After n years on the comedy circuit, including regular appearances on the Edinburgh Festival Fringe, Natalie Haynes was depressingly asked the same opening question whenever she undertook a media interview: "Are women funny?". (There is more here, including Ms Haynes explaining how the Classics can be made funny.)

Michelle A'Court addressed the question extensively in this Guardian piece in 2014. She has the undeniable qualifications of being a woman and a comedian but I have the advantage of  being older and living through what was probably a significant social change, so here is my two penn'orth.

In the dark days before women's liberation, when comedy was hardly cerebral and women were always ladies to be respected - except for nagging wives and mothers-in-law - and not laughed at. (An outstanding exception from the States is that of Hillary Brooke whose performances as a stooge for Abbott and Costello I came across while writing up my piece on noms de guerre., but I cannot think of a British example.) So the question may have had some point then.

There have undoubtedly been funny women on the stage and later on the screen and radio since each of those media became popular. I recall Jeanne de Casalis (Mrs Feather), Gladys Morgan, Hylda Baker, Gert and Daisy, Joyce Grenfell, Mabel Constanduros and Suzette Tarri* from my youth. Earlier, there were Marie Lloyd, Vesta Tilley and others (who performed songs written by men). However, they were all outside the norm or of a certain age.

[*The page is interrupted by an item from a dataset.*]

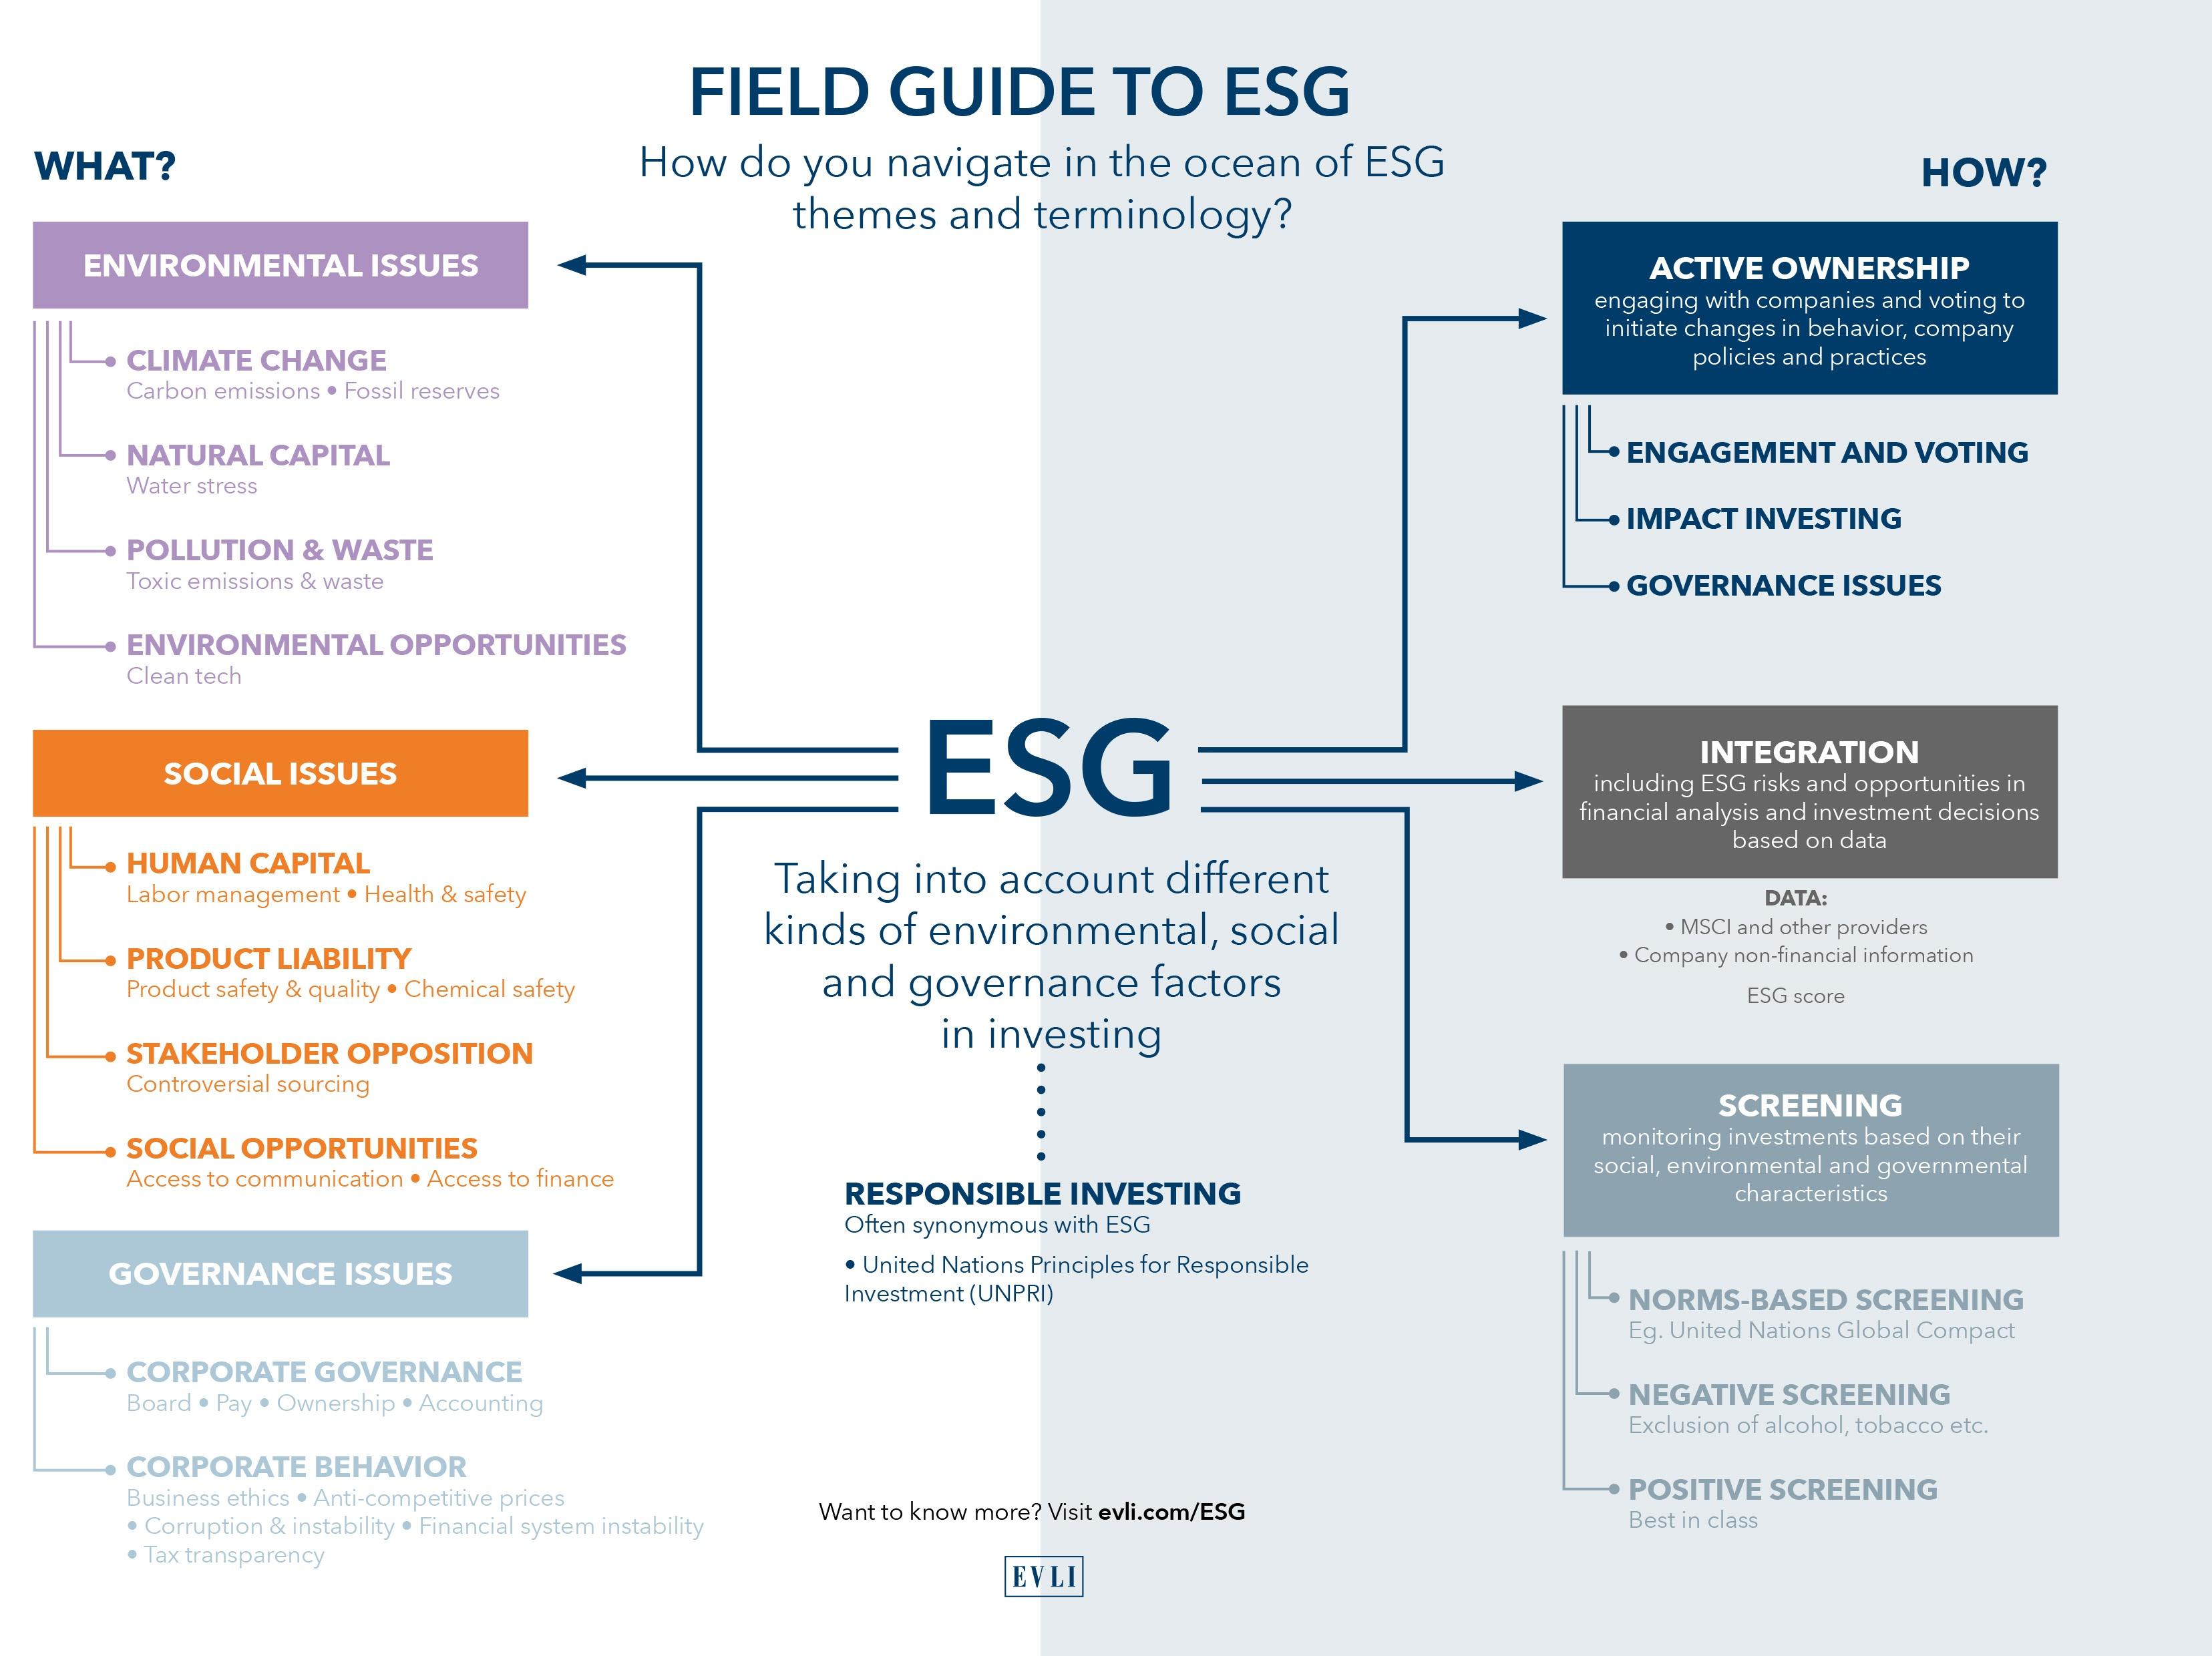 evli esg field guide

The break was probably made on the other side of the Atlantic earlier, but I would put Victoria Wood and Pam Ayres at the head of the revolution in the UK. Here were nubile women, writing their own material, who were not grotesques but who were still laugh-out-loud funny. To be sure, in Victoria Wood's character sketches there is a clear line of descent from Joyce Grenfell and Suzette Tarri (YouTube sample here). It cannot be a coincidence that when she appeared on the Michael Parkinson show, her walk-on music was Red Sails in the Sunset, which was Suzette Tarri's signature tune. Did Ms Wood choose it or did that adroit musical director Harry Stoneham? Since Tarri died when Victoria Wood was not yet in primary school, I suspect the latter.

Since the 1970s, there has been a spate of female stand-up comedians, too many to list. However, there should be mention of the very special Linda Smith who, like Victoria Wood, was taken from us all too soon.

* The wikipedia entry is surely wrong in citing ITMA. Rather, Tarri was a regular performer on variety programmes such as Monday Night at 8 and Music-Hall - and she had a regular show of her own (before my time). The cockney char in ITMA, Mona Lott, was played by Joan Harben.